▸ Task description
Print the whole listing exactly as it appears, but skip the pictures.

▸ Information provided

**********

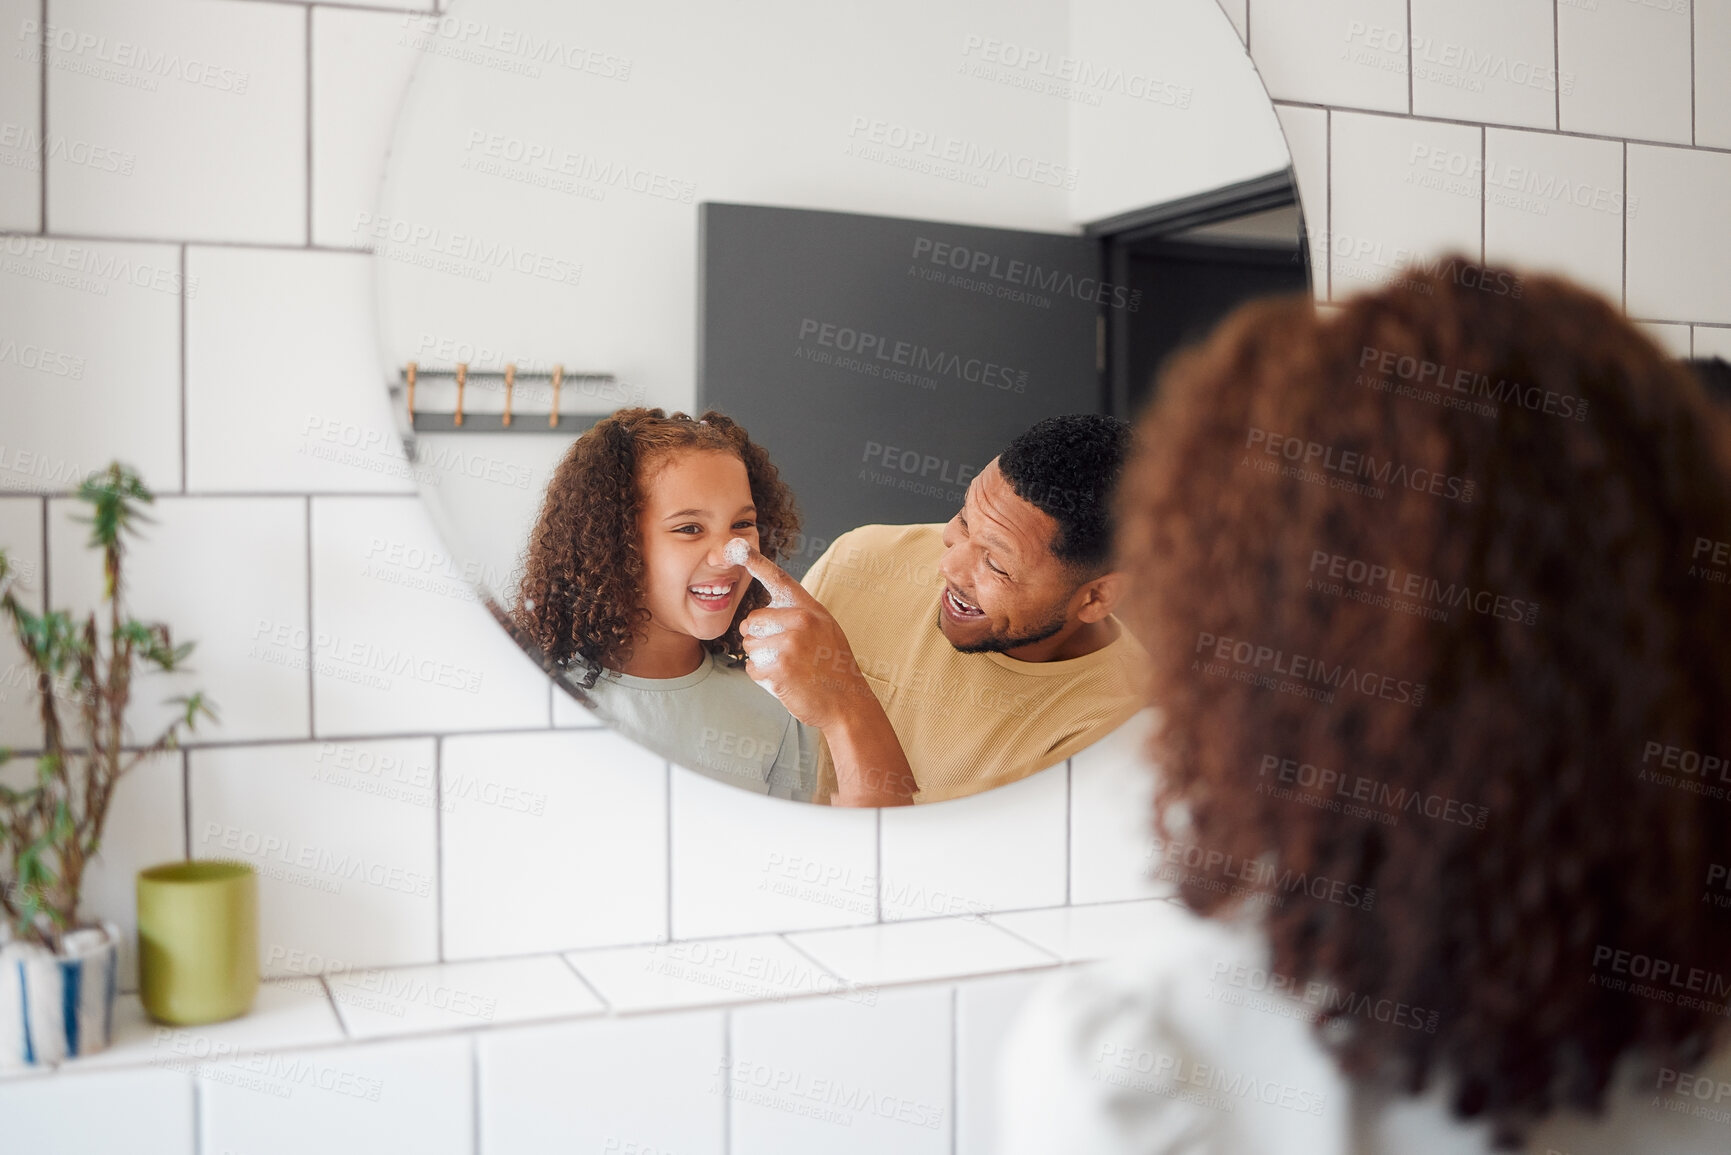 Buy stock photo Happy mixed race father and daughter washing their hands  together in a bathroom at home. Single African American parent teaching his daughter about hygiene while having fun and being playful
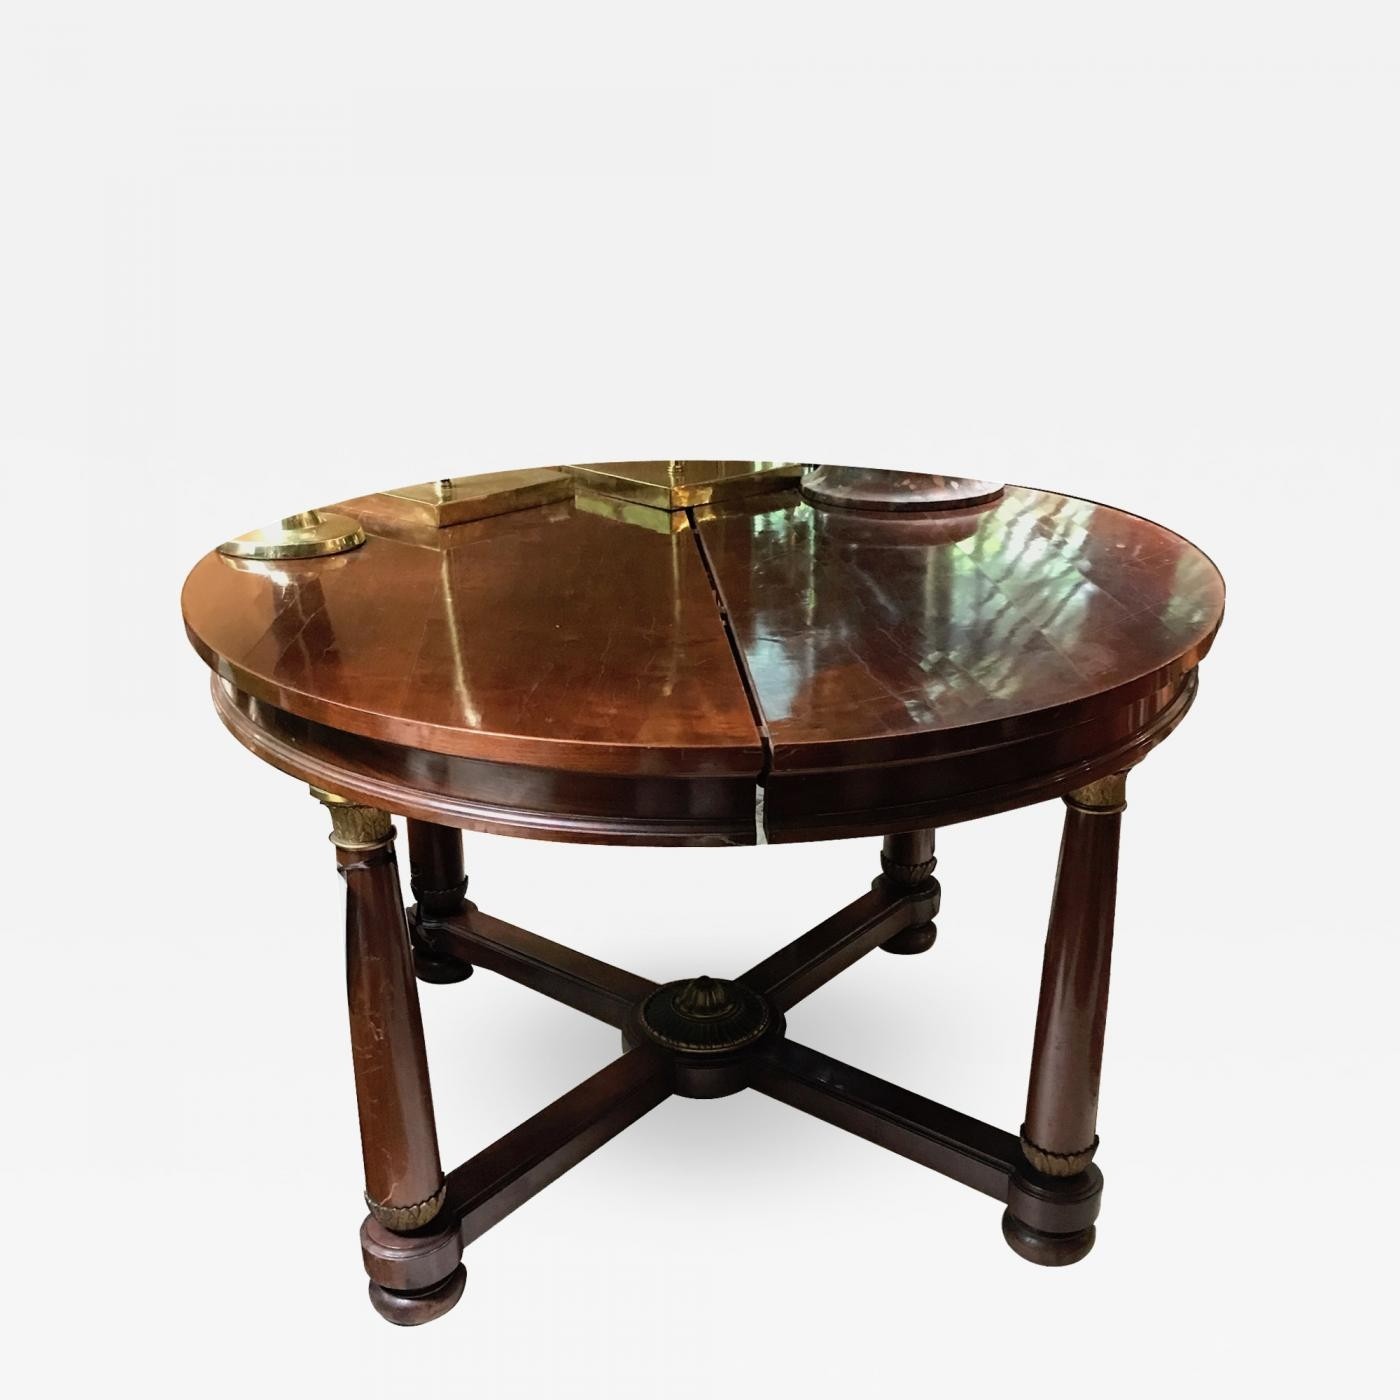 Empire dining style table with bronze details
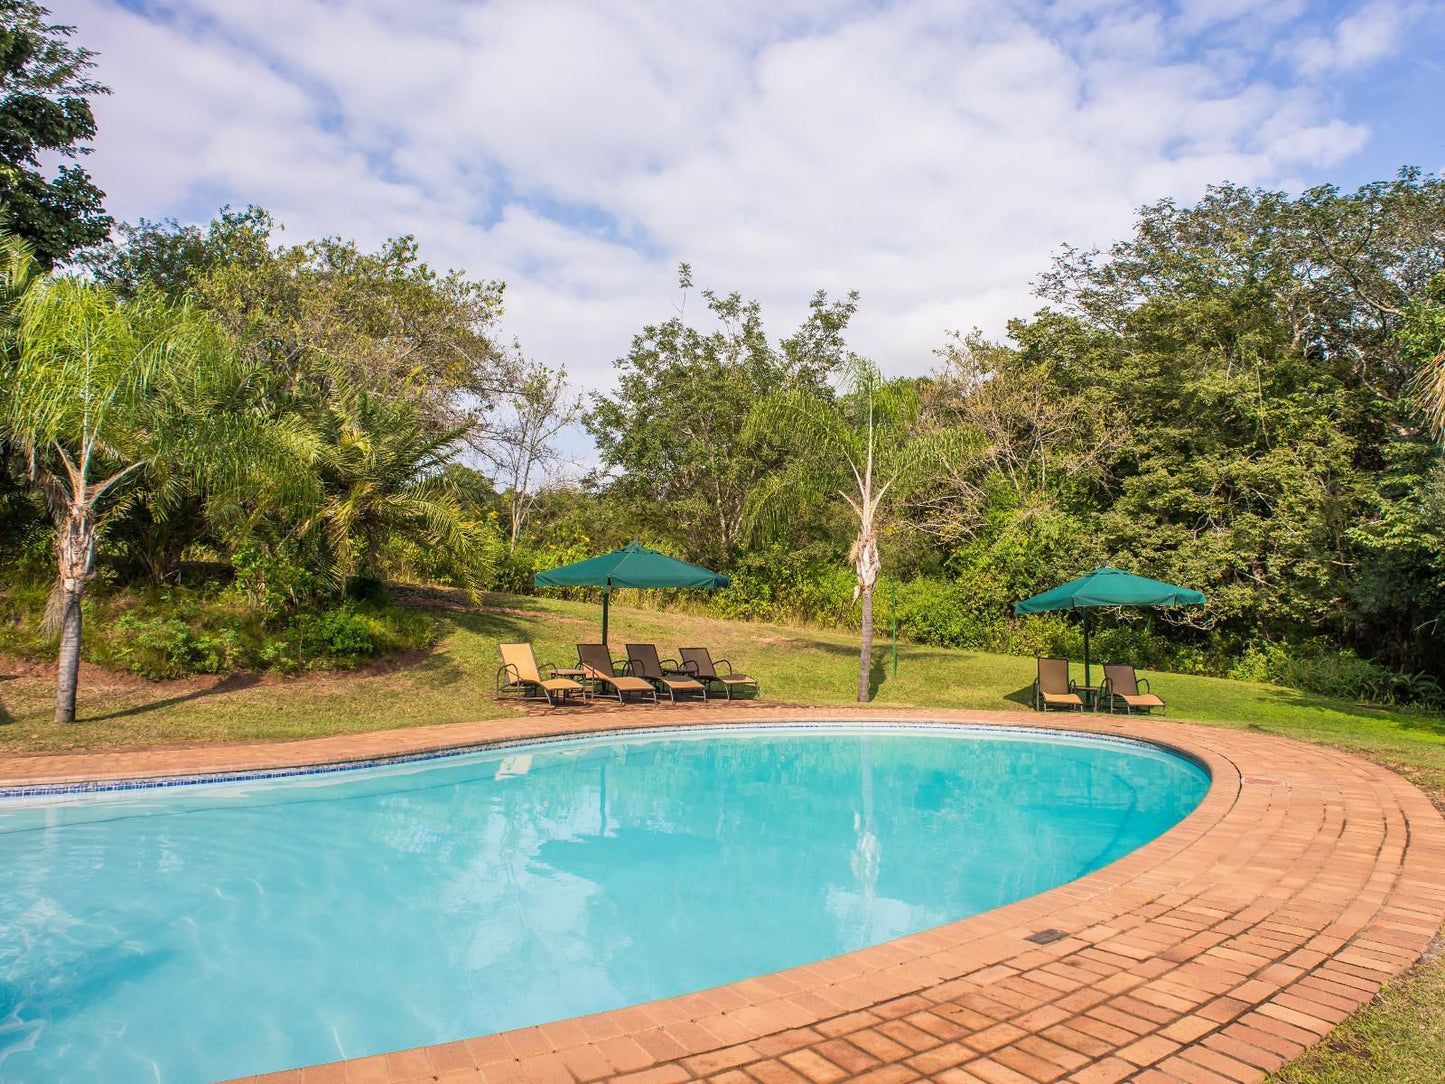 Qv Africa Collection Kubu Lodge Hazyview Mpumalanga South Africa Complementary Colors, Swimming Pool
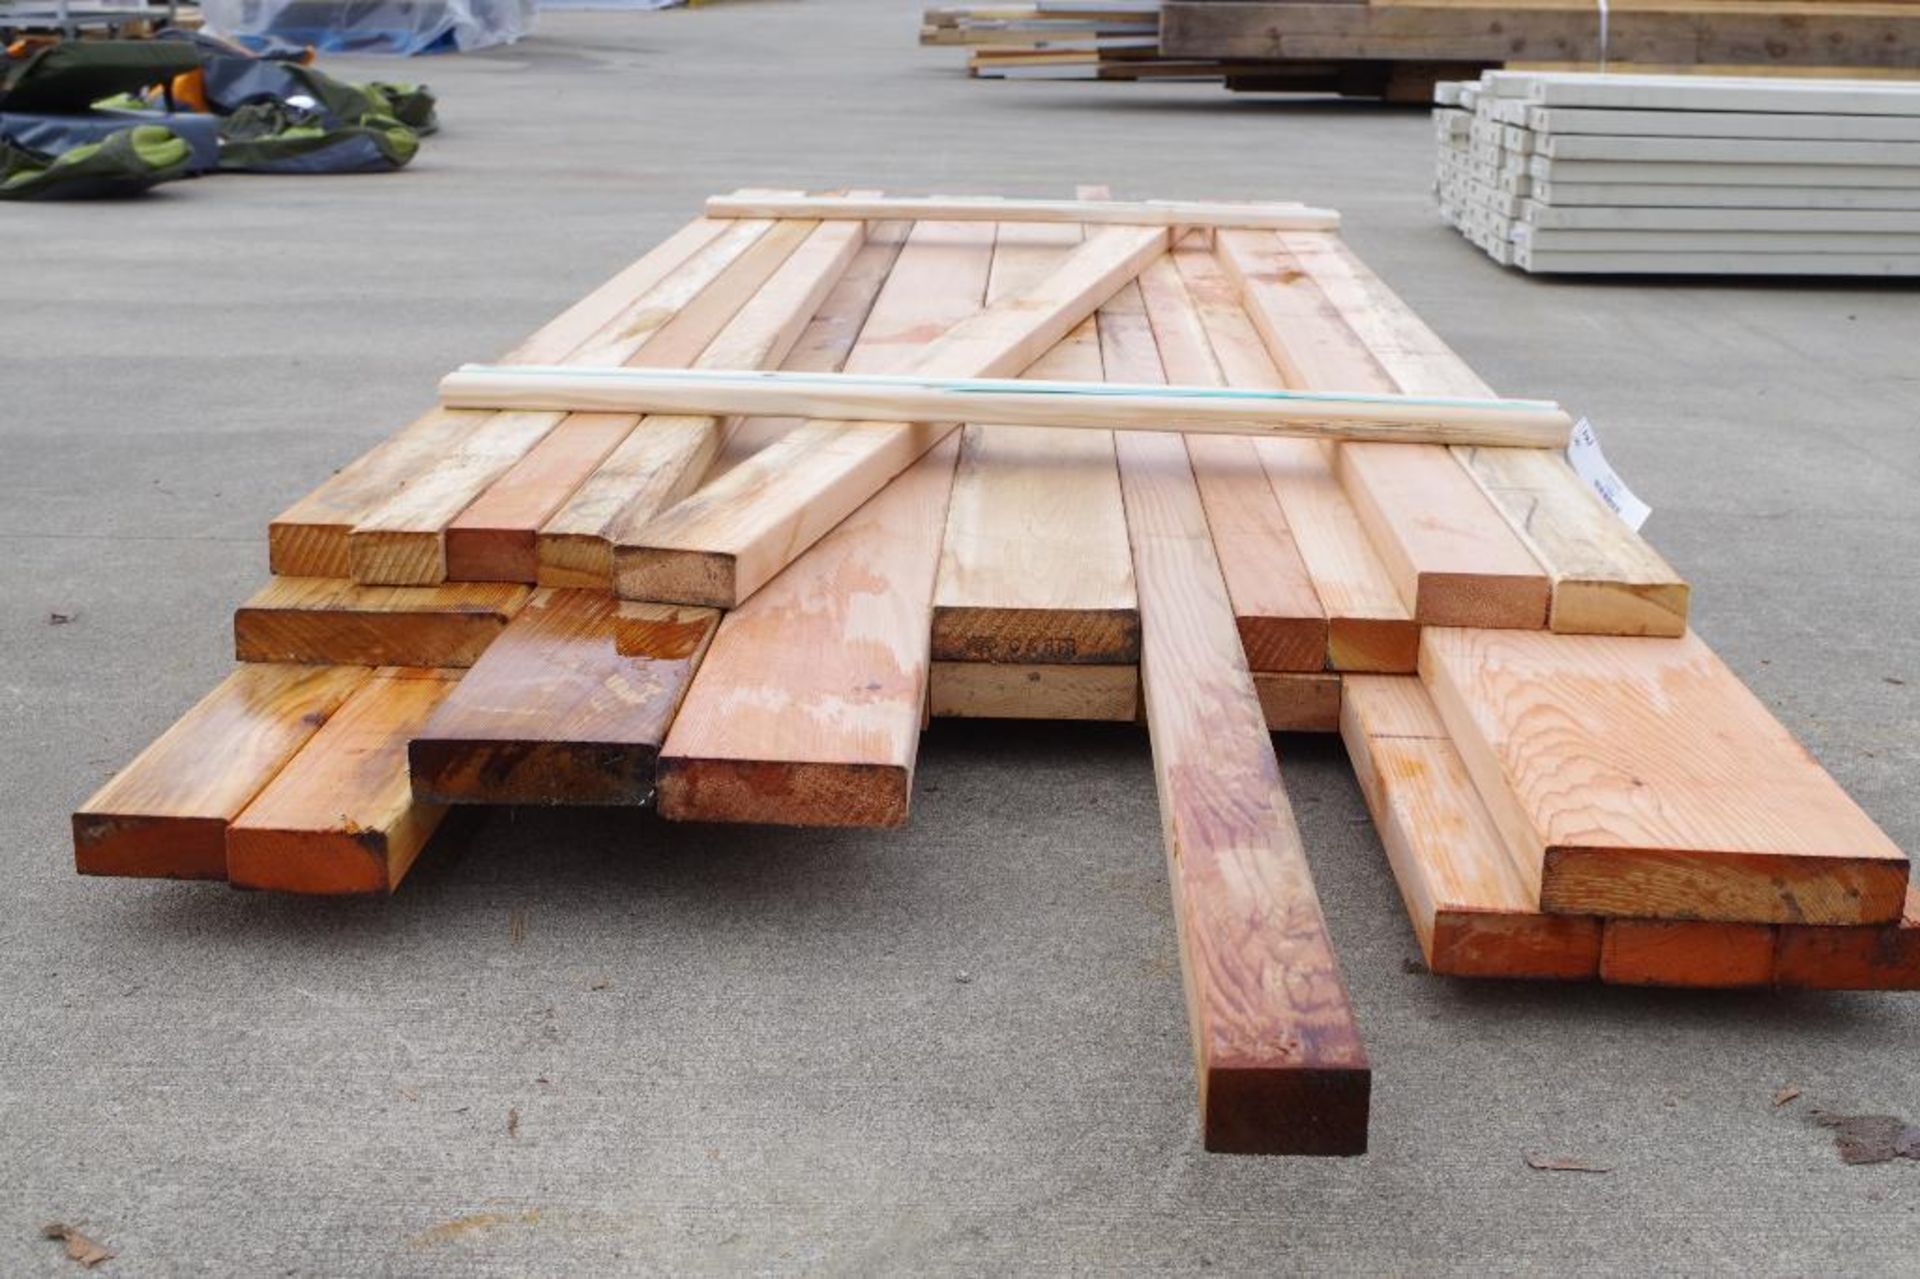 [QTY] Clear Cedar Boards, 2x8, 2x6's, 2x4's & 2x3's, Lengths up to 10' - Image 3 of 4

**********

▸ Answer
 Buy stock photo Happy mixed race father and daughter washing their hands  together in a bathroom at home. Single African American parent teaching his daughter about hygiene while having fun and being playful
 Empire dining style table with bronze details
 Qv Africa Collection Kubu Lodge Hazyview Mpumalanga South Africa Complementary Colors, Swimming Pool
 [QTY] Clear Cedar Boards, 2x8, 2x6's, 2x4's & 2x3's, Lengths up to 10' - Image 3 of 4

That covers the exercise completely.